Утром соседи с облегчением увидели, что он освободился из своего заточения. Гриша Соннов как ни в чём не бывало хромал по своему двору: наколол дров, разгрёб мусор, починил дверь. Ничего в нём как будто не переменилось. Так же уединённо жил он в своём покосившемся доме, работал на кладбище, даже хорошо работал, с уважением к покойным. Только с тех пор он капли в рот не брал, стал трезвенником и совсем ничего не говорил. Я один знал, что произошло. Никогда больше я даже близко не подходил к дому Соннова. А вот он мной заинтересовался. Я был единственным, кто знал его тайну, я был свидетелем.
Я быстро понял: Соннова мучали не галлюцинации, не белая горячка. Всё, что он видел и слышал в бреду, действительно происходило с ним. Покойники донимали Соннова. Чтобы избавиться от своих мучителей, он решил повеситься, но ничего не вышло. Он умертвил своё тело, но душу его не пустили в мир мёртвых, она осталась болтаться в нём, утратив власть. И вот в этот самый момент, когда душа Соннова опала в нём, как осенний лист, телом его завладел чёрт. Он не зря являлся Грише так часто. Он искал земного воплощения, оболочку. Теперь она была у него, не знаю уж для каких целей…
Я выслушал эту историю не без огорчения. Напрасно я подумал, что Никита Щукин в порядке. Нет, Щукин тронулся разумом. Мне стоило раньше заметить это.
– Ясно, – говорю. – Ладно, уже поздно. Давай расплатимся.
– Нет уж. Ты сам спросил, теперь дослушай историю до конца, – Щукин сердито посмотрел на меня. – Ты не веришь, конечно, я понимаю.
– Ну что ты…
– Не надо! – рявкнул Щукин. – Не надо смотреть на меня, как на психа. Я всю жизнь расплачиваюсь за своё любопытство. После всего, что я видел, никто не мог бы упрекнуть меня, если бы я помешался, но я, к сожалению, абсолютно здоров, – он помолчал и продолжил спокойно:
– Соннов начал приходить ко мне в кошмарах, потом наяву. Каждую ночь он стоял за моим окном. Бледный призрак, огромная тень с пустыми глазами, он караулил меня.

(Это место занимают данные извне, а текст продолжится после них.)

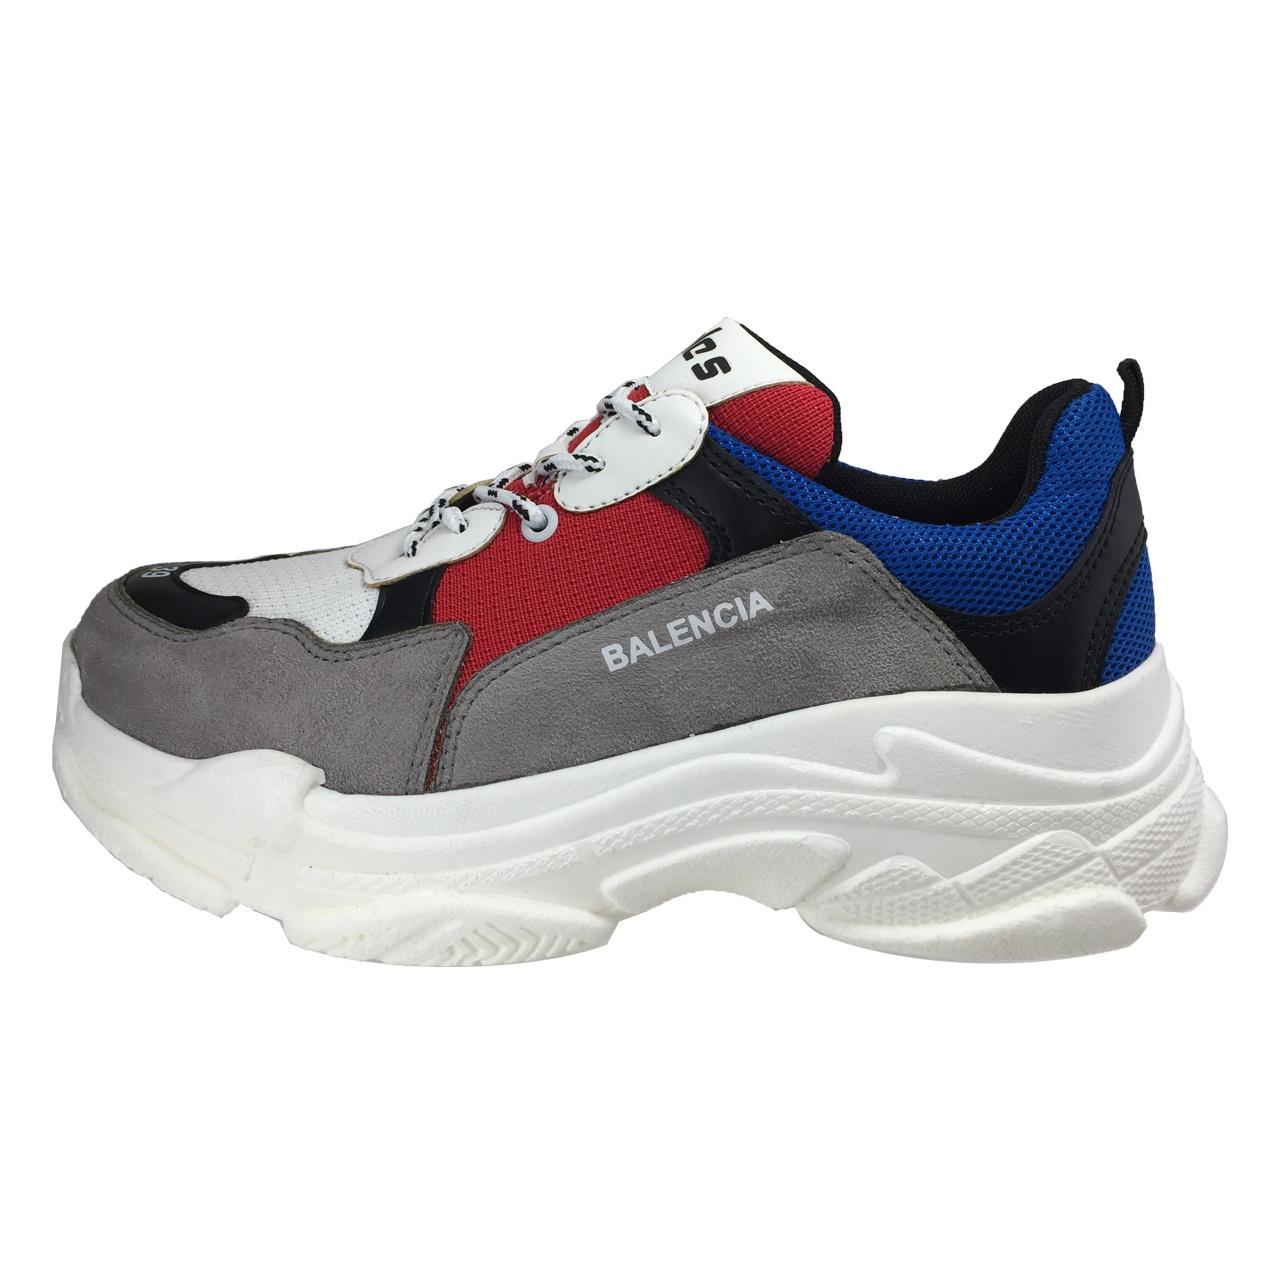 کفش زنانه بالنسیا مدل B82 رنگ طوسی
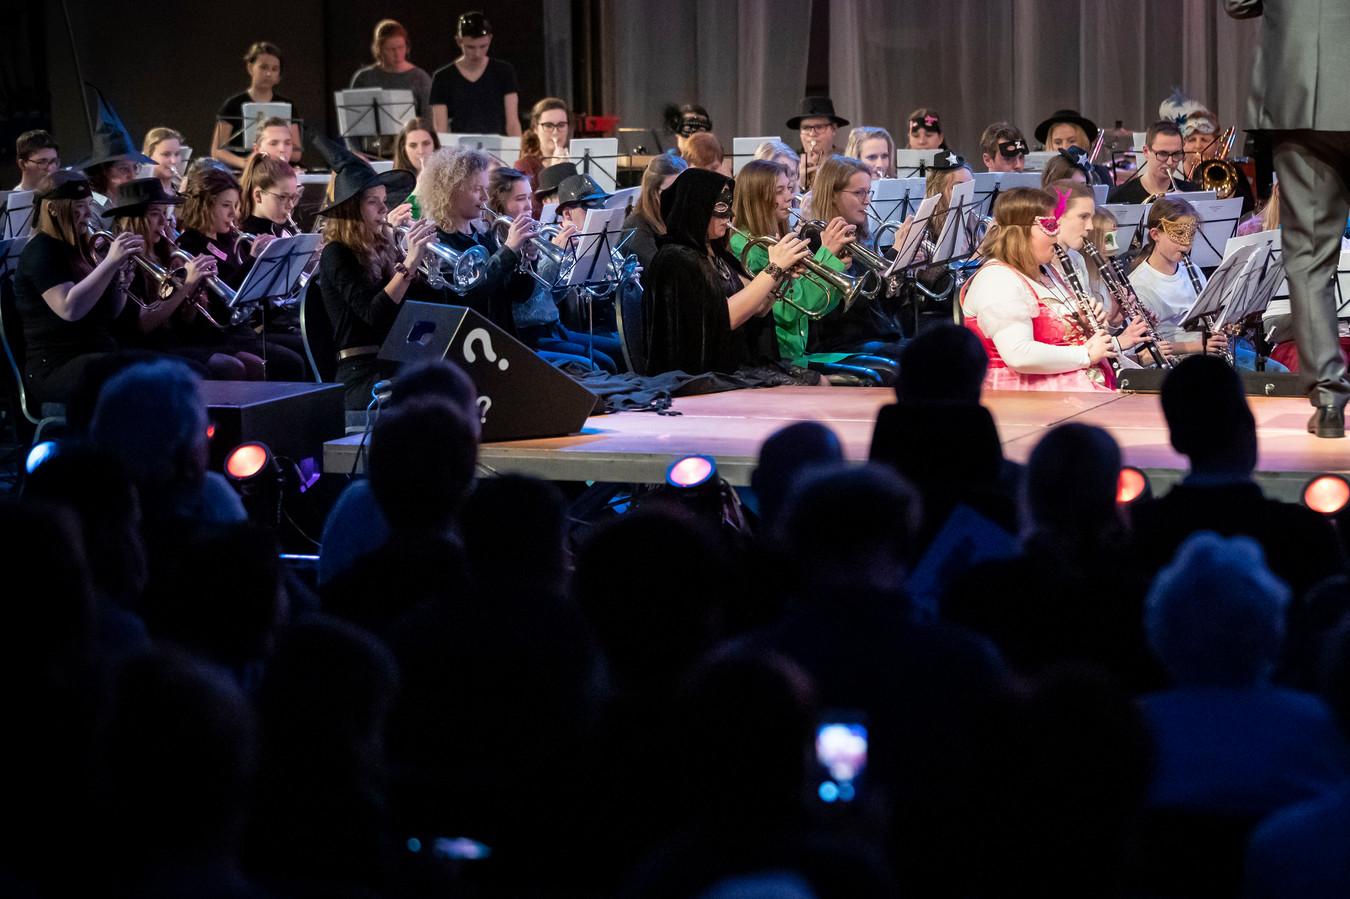 De 36ste Jeugdmuziekdag in Aalst stond in het teken van mysteries, raadsels en illusies.

Знаешь, говорят, что черти не могут войти в дом без приглашения. Это действительно так, потому что Соннов не приближался ко мне. Он только стоял и смотрел и ждал, как гиена, крадущаяся за больной антилопой. Несмотря на то, что он не мог мне ничего сделать, его присутствие мучало меня: пол дрожал, из-под него стучали сотни рук, печная труба выла голосами замученных и убитых, за дверью слышался стук копыт…
Мы уехали из деревни, но всюду, где бы я не жил, стоит мне только взглянуть в ночную темноту за окном, как он находит меня. Рано или поздно, на большой или маленькой улице, на окраине или в центре он появлялся и ждал. Он хочет замучать меня или завладеть мной, единственным свидетелем своего превращения. Соннов знает меня в лицо, поэтому я прячусь от него, завешиваю на ночь окна, постоянно переезжаю.
В конце концов я стал одеваться как пугало, отрастил усы. Вот почему я выгляжу так. Пока это работает. Я не видел Соннова уже около года. Кажется, он потерял мой след. Но всё равно по ночам я не смотрю в окно, и тебе теперь не советую.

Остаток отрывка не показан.